• _WORKING DATA_:
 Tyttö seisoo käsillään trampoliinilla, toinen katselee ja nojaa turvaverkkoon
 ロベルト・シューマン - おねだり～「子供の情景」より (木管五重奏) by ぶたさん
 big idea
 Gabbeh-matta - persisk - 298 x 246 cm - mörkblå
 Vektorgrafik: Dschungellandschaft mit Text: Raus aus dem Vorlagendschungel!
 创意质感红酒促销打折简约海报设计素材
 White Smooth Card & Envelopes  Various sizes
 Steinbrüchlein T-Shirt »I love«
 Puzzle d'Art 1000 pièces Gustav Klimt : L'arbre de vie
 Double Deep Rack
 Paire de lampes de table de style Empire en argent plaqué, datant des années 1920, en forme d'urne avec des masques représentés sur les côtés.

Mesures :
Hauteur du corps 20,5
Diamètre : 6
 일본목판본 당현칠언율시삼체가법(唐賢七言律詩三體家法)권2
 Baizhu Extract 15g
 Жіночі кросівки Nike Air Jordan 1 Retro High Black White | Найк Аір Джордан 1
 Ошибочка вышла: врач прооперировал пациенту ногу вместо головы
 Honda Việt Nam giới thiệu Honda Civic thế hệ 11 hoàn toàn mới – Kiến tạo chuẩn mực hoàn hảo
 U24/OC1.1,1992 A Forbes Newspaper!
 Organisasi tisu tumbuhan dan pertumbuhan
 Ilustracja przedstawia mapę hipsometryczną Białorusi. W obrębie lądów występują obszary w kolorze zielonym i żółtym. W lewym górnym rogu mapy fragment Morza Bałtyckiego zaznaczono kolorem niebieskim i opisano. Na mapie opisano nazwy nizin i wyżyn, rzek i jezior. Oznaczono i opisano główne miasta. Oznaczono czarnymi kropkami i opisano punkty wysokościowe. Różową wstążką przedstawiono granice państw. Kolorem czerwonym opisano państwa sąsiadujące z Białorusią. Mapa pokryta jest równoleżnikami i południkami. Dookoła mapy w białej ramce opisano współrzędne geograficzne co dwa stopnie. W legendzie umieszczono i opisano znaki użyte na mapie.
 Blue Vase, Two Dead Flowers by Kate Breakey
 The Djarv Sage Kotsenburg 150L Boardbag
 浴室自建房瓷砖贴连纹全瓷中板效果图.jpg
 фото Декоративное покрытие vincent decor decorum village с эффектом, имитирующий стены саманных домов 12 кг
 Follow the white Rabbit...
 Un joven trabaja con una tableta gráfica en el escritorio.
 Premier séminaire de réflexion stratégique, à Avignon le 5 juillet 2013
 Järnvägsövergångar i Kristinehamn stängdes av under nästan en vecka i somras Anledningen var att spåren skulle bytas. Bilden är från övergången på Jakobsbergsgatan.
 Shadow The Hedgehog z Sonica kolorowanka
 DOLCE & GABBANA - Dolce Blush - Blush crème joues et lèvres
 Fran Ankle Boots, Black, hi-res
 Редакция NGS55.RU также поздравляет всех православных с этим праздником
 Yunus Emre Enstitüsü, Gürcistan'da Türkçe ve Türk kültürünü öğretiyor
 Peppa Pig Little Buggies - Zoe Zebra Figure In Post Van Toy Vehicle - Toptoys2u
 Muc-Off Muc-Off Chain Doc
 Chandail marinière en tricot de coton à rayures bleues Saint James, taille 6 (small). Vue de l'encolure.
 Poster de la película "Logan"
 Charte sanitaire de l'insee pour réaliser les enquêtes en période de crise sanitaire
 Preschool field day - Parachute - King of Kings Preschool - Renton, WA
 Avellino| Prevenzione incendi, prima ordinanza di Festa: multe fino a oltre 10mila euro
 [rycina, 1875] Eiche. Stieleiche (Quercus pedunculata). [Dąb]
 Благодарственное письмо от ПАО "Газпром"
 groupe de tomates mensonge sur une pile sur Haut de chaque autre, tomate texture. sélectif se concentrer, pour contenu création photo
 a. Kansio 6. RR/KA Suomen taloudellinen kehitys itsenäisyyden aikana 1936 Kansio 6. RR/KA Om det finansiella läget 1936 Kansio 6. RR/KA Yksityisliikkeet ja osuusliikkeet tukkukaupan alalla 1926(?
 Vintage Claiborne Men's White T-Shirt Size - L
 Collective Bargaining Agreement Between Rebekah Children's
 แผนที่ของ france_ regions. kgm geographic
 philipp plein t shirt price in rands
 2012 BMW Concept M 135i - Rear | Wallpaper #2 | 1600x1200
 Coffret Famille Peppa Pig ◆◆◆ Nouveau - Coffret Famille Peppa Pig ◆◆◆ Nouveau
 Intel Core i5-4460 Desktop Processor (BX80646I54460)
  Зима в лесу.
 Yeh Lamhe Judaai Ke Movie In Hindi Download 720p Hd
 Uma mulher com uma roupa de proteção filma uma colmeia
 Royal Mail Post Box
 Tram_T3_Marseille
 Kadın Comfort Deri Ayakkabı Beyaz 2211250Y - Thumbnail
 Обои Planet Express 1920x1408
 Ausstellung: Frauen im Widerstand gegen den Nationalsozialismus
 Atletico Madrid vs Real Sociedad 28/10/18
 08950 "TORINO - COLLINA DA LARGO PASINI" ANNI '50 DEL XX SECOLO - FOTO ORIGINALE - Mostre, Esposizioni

• _ABOUT THIS TASK_: Going down the listing above, begin printing at the line with "Vektorgrafik: Dschungellandschaft mit" and finish with the line with "U24/OC1.1,1992 A Forbes Newspaper!", exactly as they appear.

• _YOUR RESPONSE_:
 Vektorgrafik: Dschungellandschaft mit Text: Raus aus dem Vorlagendschungel!
 创意质感红酒促销打折简约海报设计素材
 White Smooth Card & Envelopes  Various sizes
 Steinbrüchlein T-Shirt »I love«
 Puzzle d'Art 1000 pièces Gustav Klimt : L'arbre de vie
 Double Deep Rack
 Paire de lampes de table de style Empire en argent plaqué, datant des années 1920, en forme d'urne avec des masques représentés sur les côtés.

Mesures :
Hauteur du corps 20,5
Diamètre : 6
 일본목판본 당현칠언율시삼체가법(唐賢七言律詩三體家法)권2
 Baizhu Extract 15g
 Жіночі кросівки Nike Air Jordan 1 Retro High Black White | Найк Аір Джордан 1
 Ошибочка вышла: врач прооперировал пациенту ногу вместо головы
 Honda Việt Nam giới thiệu Honda Civic thế hệ 11 hoàn toàn mới – Kiến tạo chuẩn mực hoàn hảo
 U24/OC1.1,1992 A Forbes Newspaper!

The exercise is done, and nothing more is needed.